Third-graders who spend a class session in a natural outdoor setting are more engaged and less distracted in their regular classroom afterward than when they remain indoors, scientists found in a new study.
This effect, reported in the journal Frontiers in Psychology, was large and occurred week after week, regardless of teacher expectations.
The study carefully matched lessons presented indoors and outdoors and controlled for teacher expectations, teaching style, time of day, week of semester and other factors that might have contributed to the differences observed.
“Teachers hoping to offer lessons in nature may hesitate for fear that the experience will leave kids bouncing off the walls and unable to concentrate afterward,” said University of Illinois natural resources and environmental sciences professor Ming Kuo, who conducted the study with Matt Browning, a U. of I. professor of recreation, sport and tourism; and Milbert Penner, of the Cold Spring Environmental Studies Magnet School in Indianapolis, where the study was conducted. “We found just the opposite, however: Classroom engagement was significantly better for students after lessons in nature than after lessons in the classroom.”

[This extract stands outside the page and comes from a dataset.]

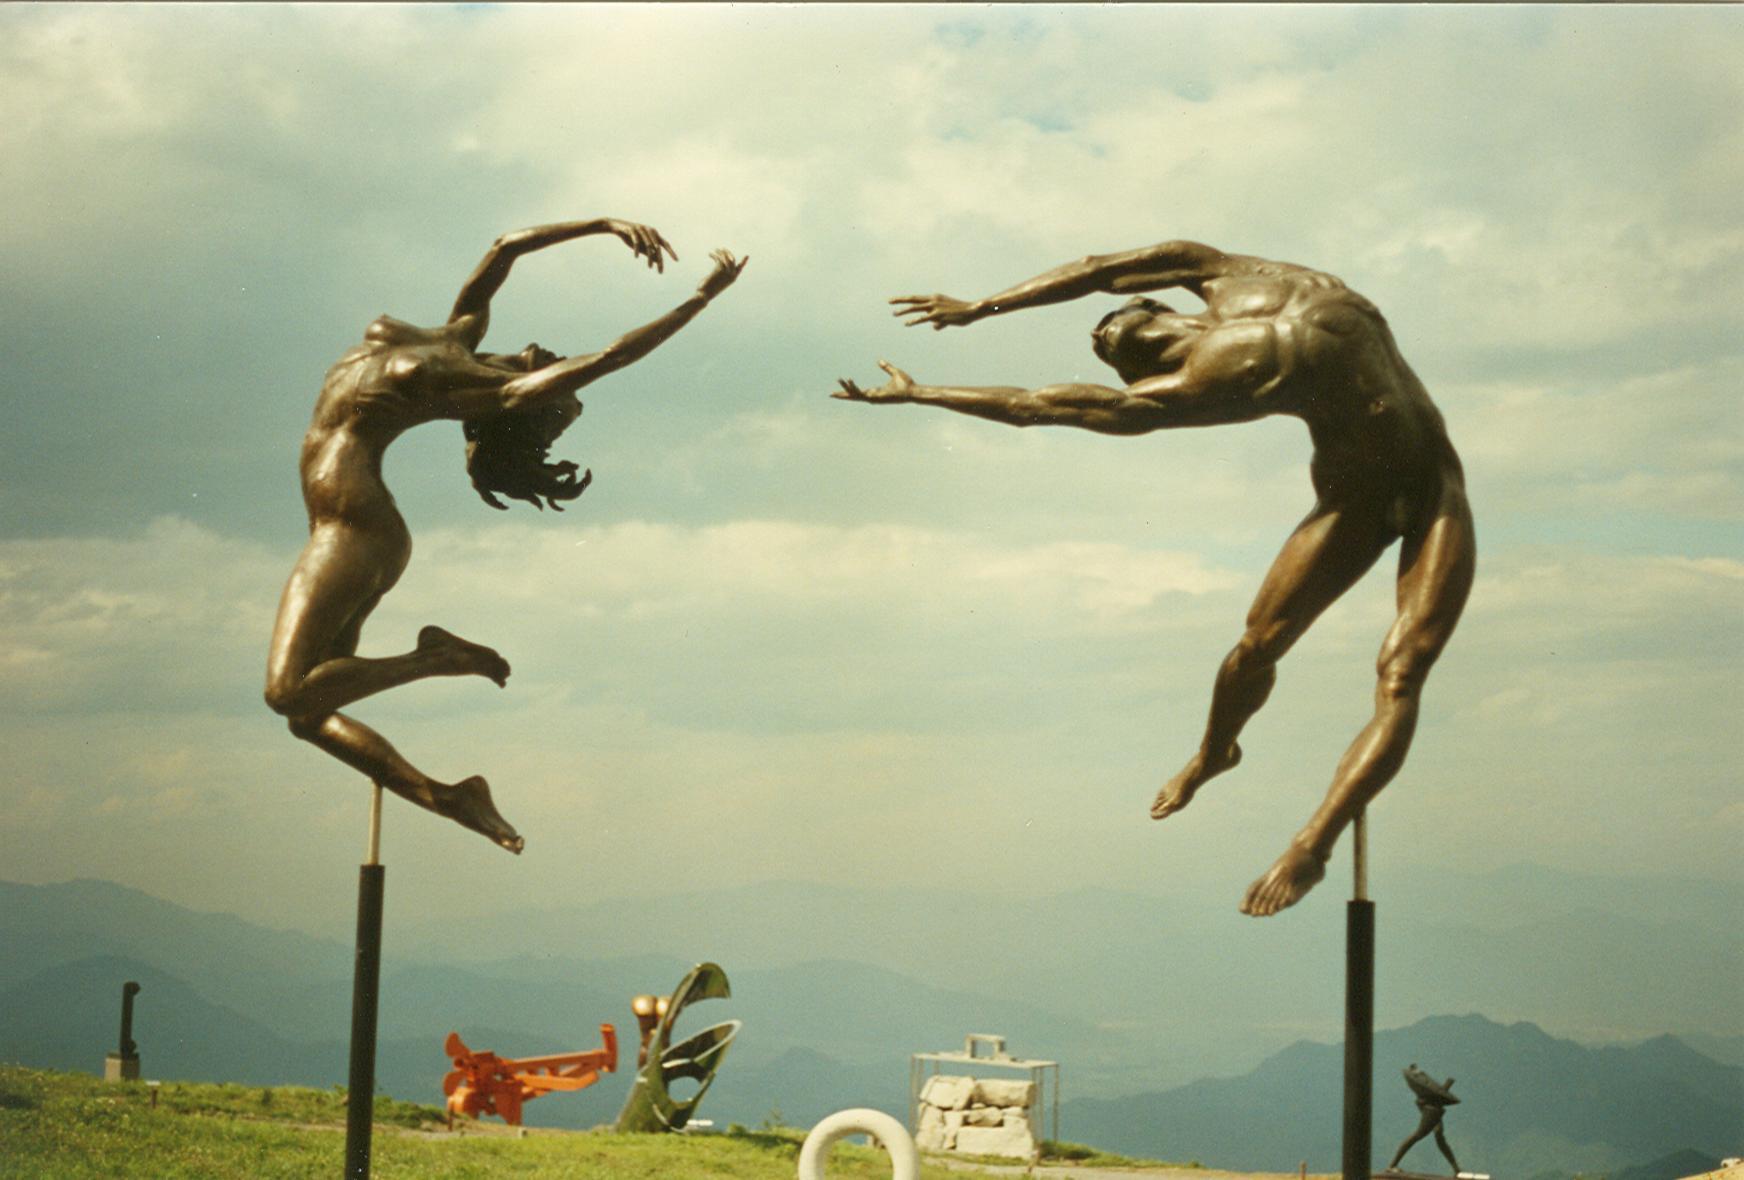 Reaching sculpture at Utsukushi-ga-hara Open Air Museum, Japan. Artist Zenos Frudakis.

The study relied on teacher ratings and outside observer reports of student attention in the classroom. Independent observers tallied the number of times a teacher had to interrupt a lesson to redirect students’ attention to the task at hand. Other observers who did not know whether students had been indoors or outdoors in a previous class evaluated student engagement based on photos taken in the classroom during classes. Students’ own reports were not useful because the students ranked their own classroom engagement as high, regardless of the condition.

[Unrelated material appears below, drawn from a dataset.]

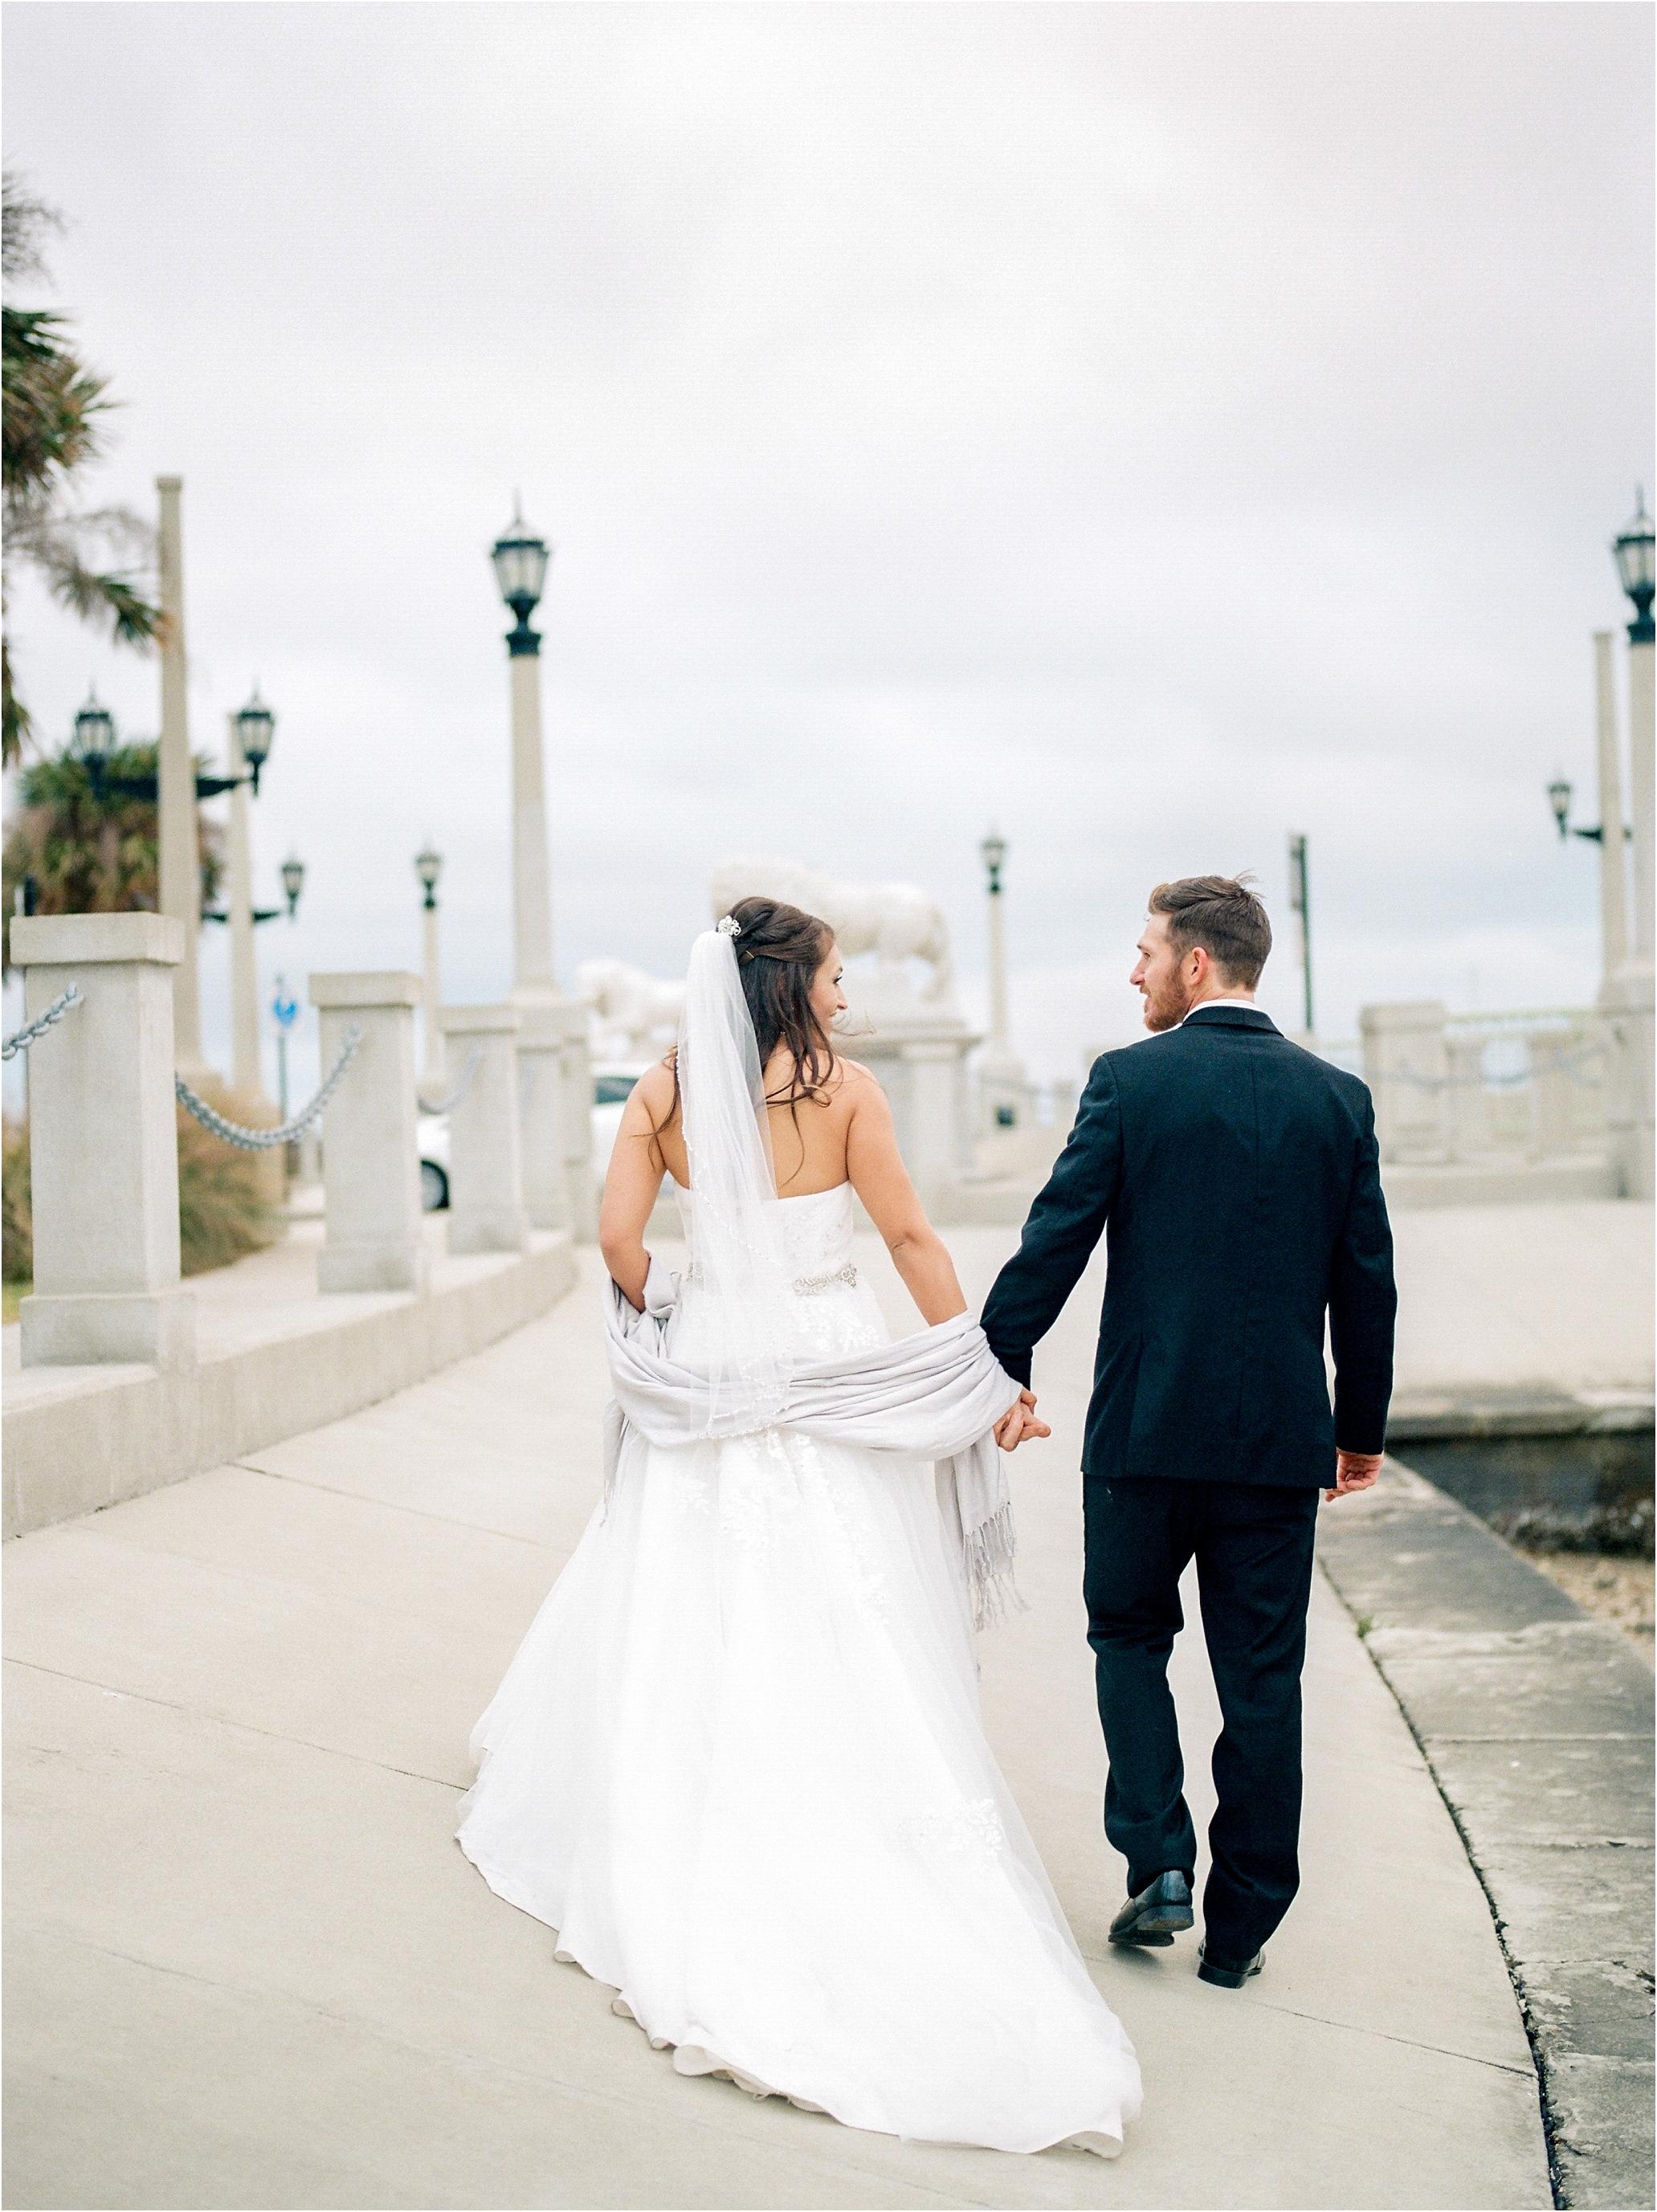 Lisa Silva Photography- Ponte Vedra Beach and Jacksonville, Florida Fine Art Film Wedding Photography- Wedding at The White Room Villa Blanca in St. Augustine, Florida_0060.jpg

Previous studies have shown that students in a variety of contexts benefit from exposure to green space. For example, a study conducted in Massachusetts public schools found that standardized test scores were higher among students in classrooms in areas with more vegetation nearby. The correlations held when controlling for income and other factors that might influence test scores. Kuo collaborated on a study led by U. of I. crop sciences professor Andrea Faber Taylor that found that children with ADHD perform substantially better on neurocognitive tests of attention after taking a walk in a natural area than after walking in an outdoor setting with few natural features.
One theory proposes that experiencing nature induces “a state of ‘soft fascination’ that allows the mental muscle underlying our ability to deliberately direct attention to rest,” the researchers wrote. This may enhance a person’s ability to focus again later.
Being in nature or viewing it from a window also is associated with lower heart rates and stress hormones in children and adults, other studies have found. Since stress can interfere with learning, factors that reduce stress likely also enhance the educational experience, Kuo said.
“We found the teachers in our study were able to teach uninterrupted for almost twice as long after the outdoor lesson than after an indoor lesson,” Kuo said. “The students simply paid better attention after being in the outdoor class.”
Kuo said she hopes the new findings will encourage teachers to experiment with outdoor lessons.
“They should try it a few times to get the hang of it and see what they notice. If it works like it did in our study, the benefits will be pretty obvious,” she said. “If it still doesn’t work after you’ve tried it a few times, I’d give up; teachers can tell what’s not working for them.”